Security
Your clients trust you with sensitive documents. Here's how Doxxiom keeps them safe.
Encryption everywhere
All data is transmitted over TLS/HTTPS. Files stored on our servers are encrypted at rest with AES-256 server-side encryption. Your documents are protected both in transit and at rest.
Private storage with signed URLs
Uploaded files are stored in a private bucket — they are never accessible via a public URL. When you or your client needs to download a file, Doxxiom generates a cryptographically signed, time-limited URL that expires after one hour. Even if a link is shared, it becomes useless once expired.
Row-level security
Access control is enforced at the database level using row-level security (RLS) policies. Professionals can only see their own clients, requests, and documents. Clients can only access the specific requests sent to them.
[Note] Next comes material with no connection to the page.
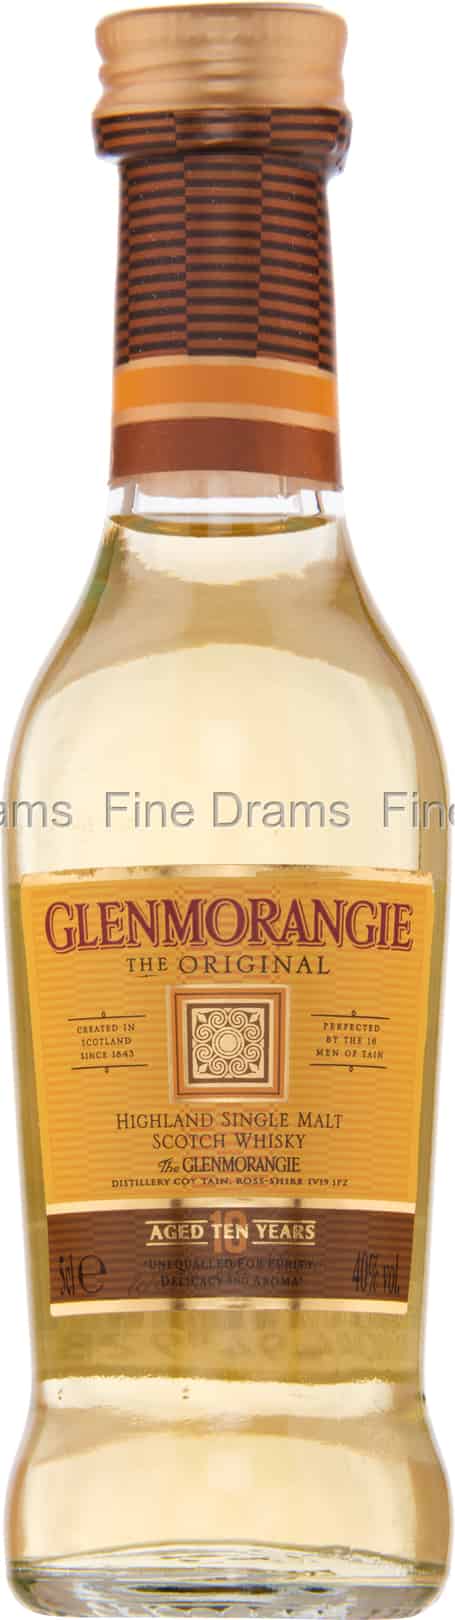 Glenmorangie Scotch Single Malt 10 Year The Original Single Malt
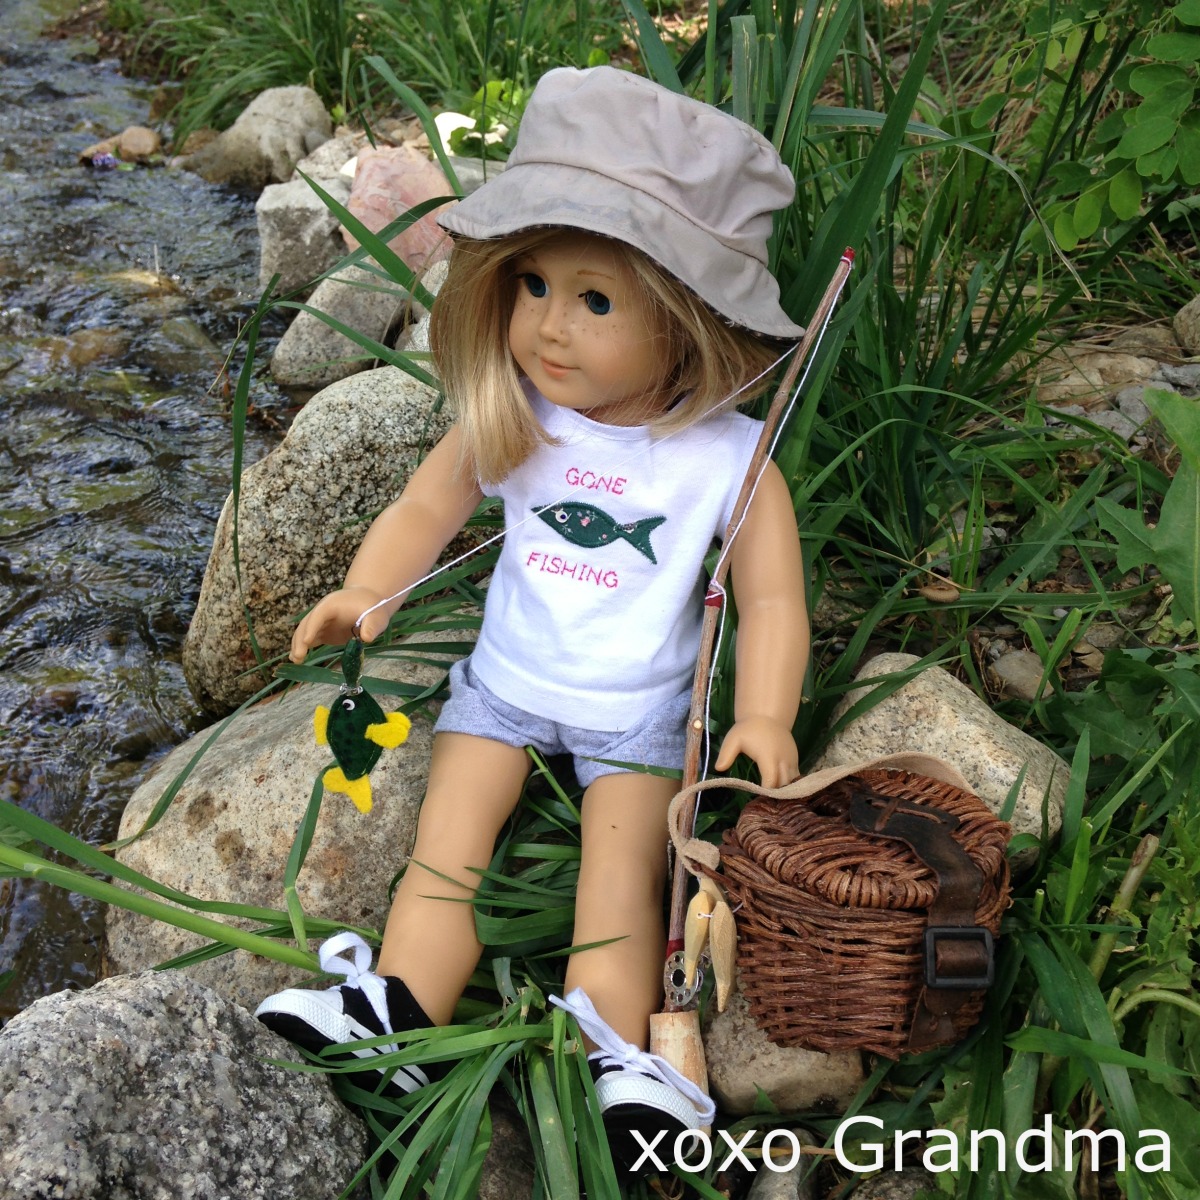 xoxo Grandma: Gone Fishing Outfit & Accessories - American Girl

Passwordless authentication
Clients access the portal through magic links — single-use, time-limited authentication tokens sent to their email. No passwords to create, remember, or leak. Each link expires after one hour and can only be used once.
Zero File Residency
For organizations that need an extra layer of control, Zero File Residency mode ensures that uploaded files are forwarded to your connected cloud storage and then permanently removed from Doxxiom servers. Only metadata is retained — we don't hold on to the actual documents.
Audit trail
Every action — document uploads, approvals, rejections, deletions, and configuration changes — is logged with a timestamp, actor, and description. You can export the full audit trail to CSV for compliance or record-keeping.
Infrastructure
Doxxiom runs on Vercel's edge network and Supabase's managed PostgreSQL and S3-compatible storage. Both platforms are SOC 2 Type II compliant. Data is hosted on AWS infrastructure.